--- What you will do ---
Using the material below, print a verbatim copy of every line from the one containing "وظائف جريدة الوسيط" through the one containing "Kreuz-Inschrift: 'Ich aber", inclusive, and omit the pictures.

--- Data to process ---
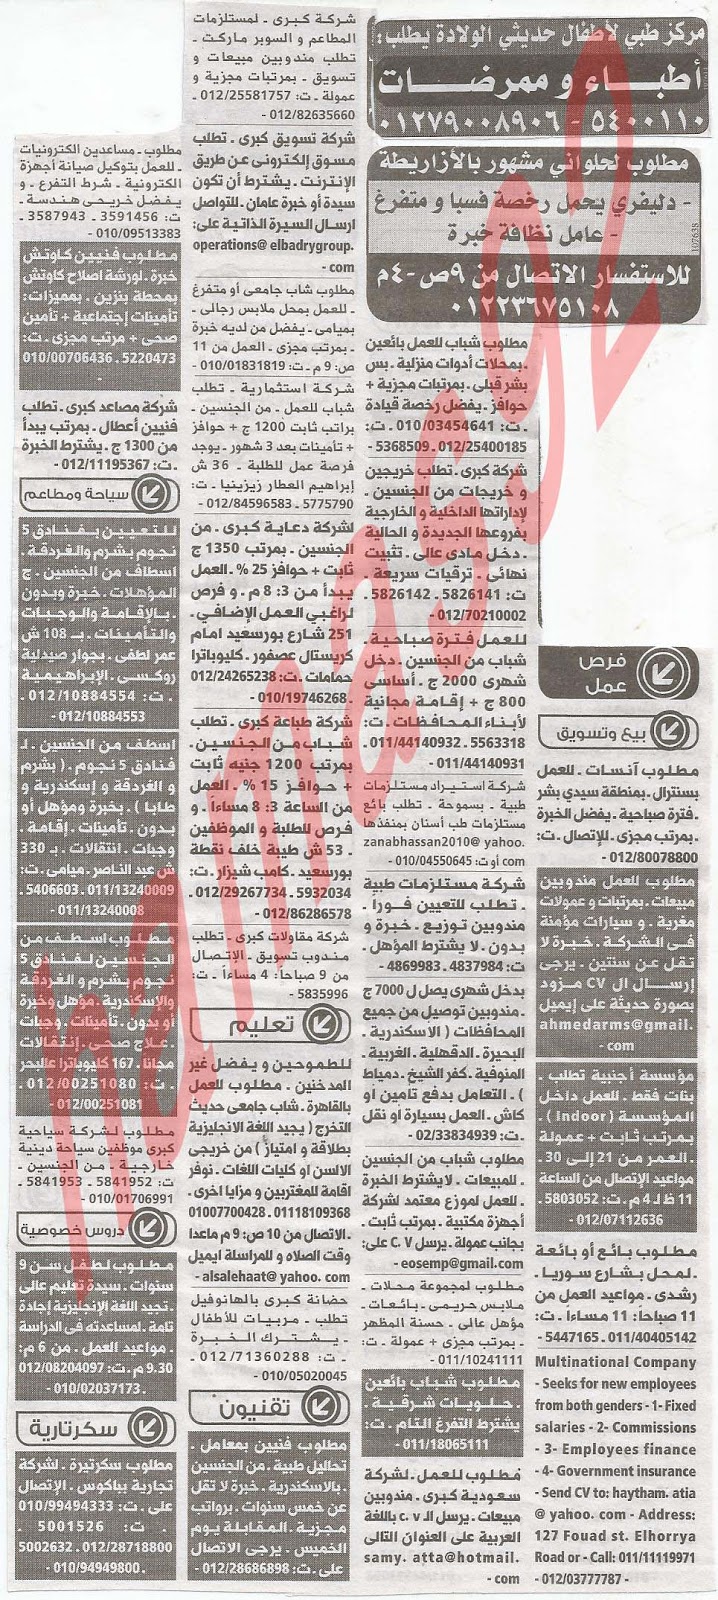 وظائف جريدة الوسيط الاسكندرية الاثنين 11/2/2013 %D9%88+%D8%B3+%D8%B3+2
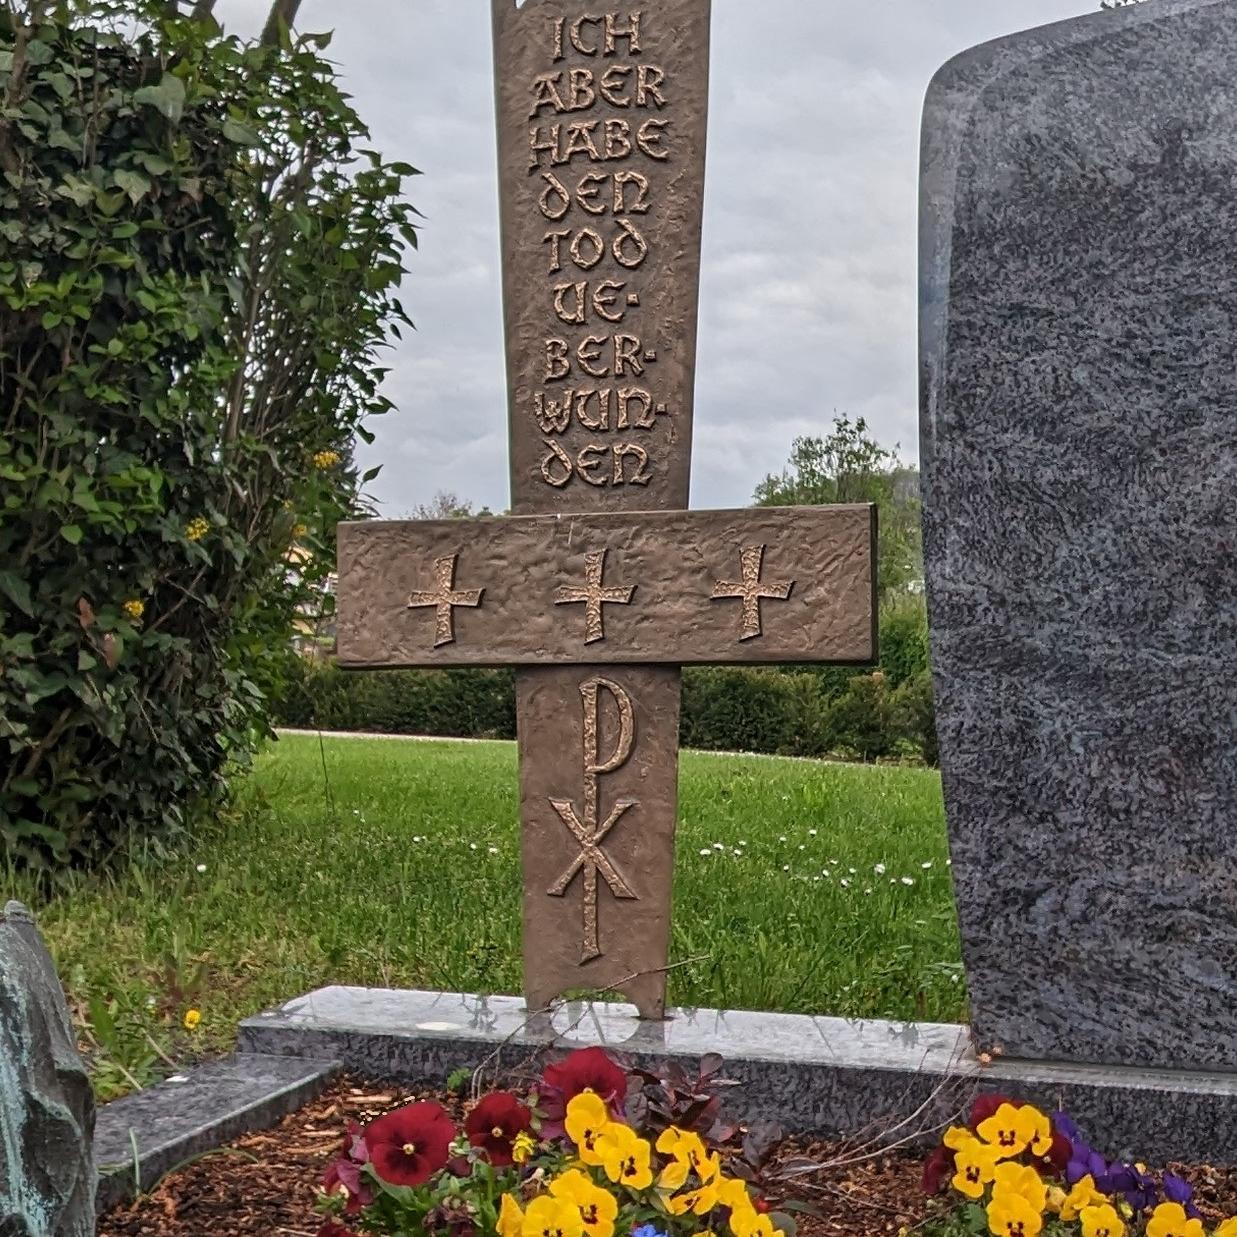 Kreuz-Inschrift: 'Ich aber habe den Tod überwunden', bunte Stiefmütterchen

---

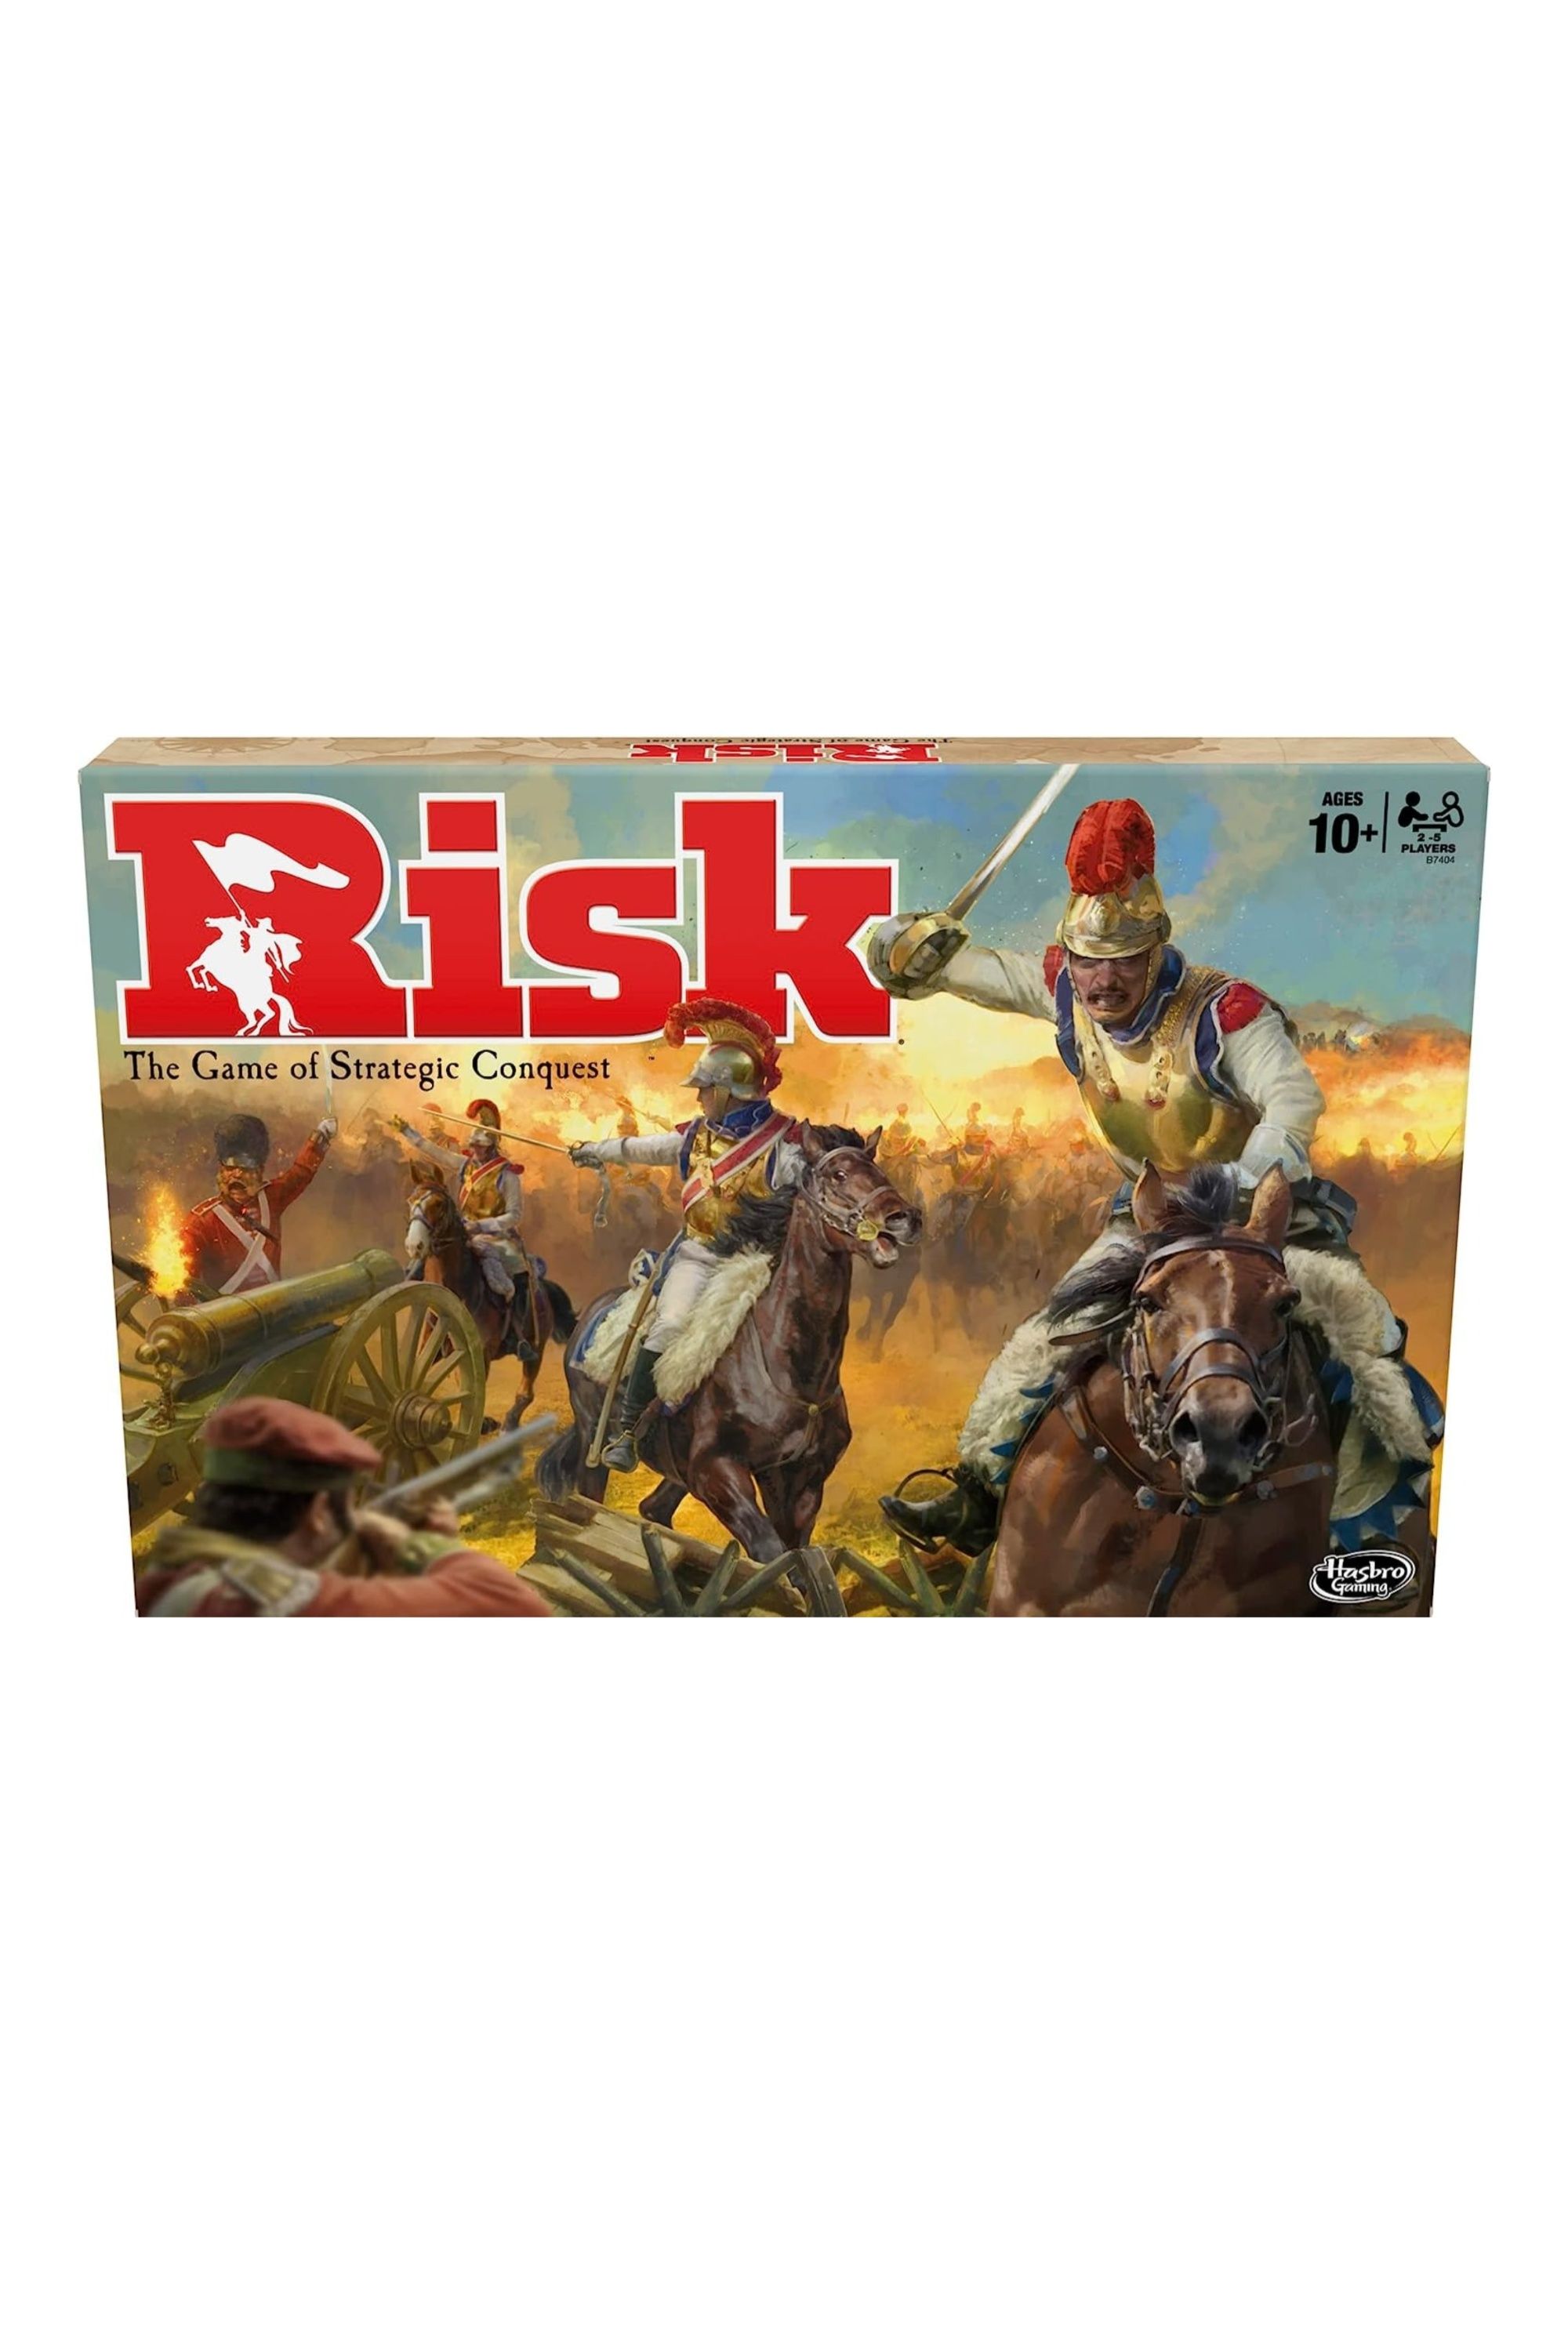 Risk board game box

--- Expected answer ---
 وظائف جريدة الوسيط الاسكندرية الاثنين 11/2/2013 %D9%88+%D8%B3+%D8%B3+2
 Kreuz-Inschrift: 'Ich aber habe den Tod überwunden', bunte Stiefmütterchen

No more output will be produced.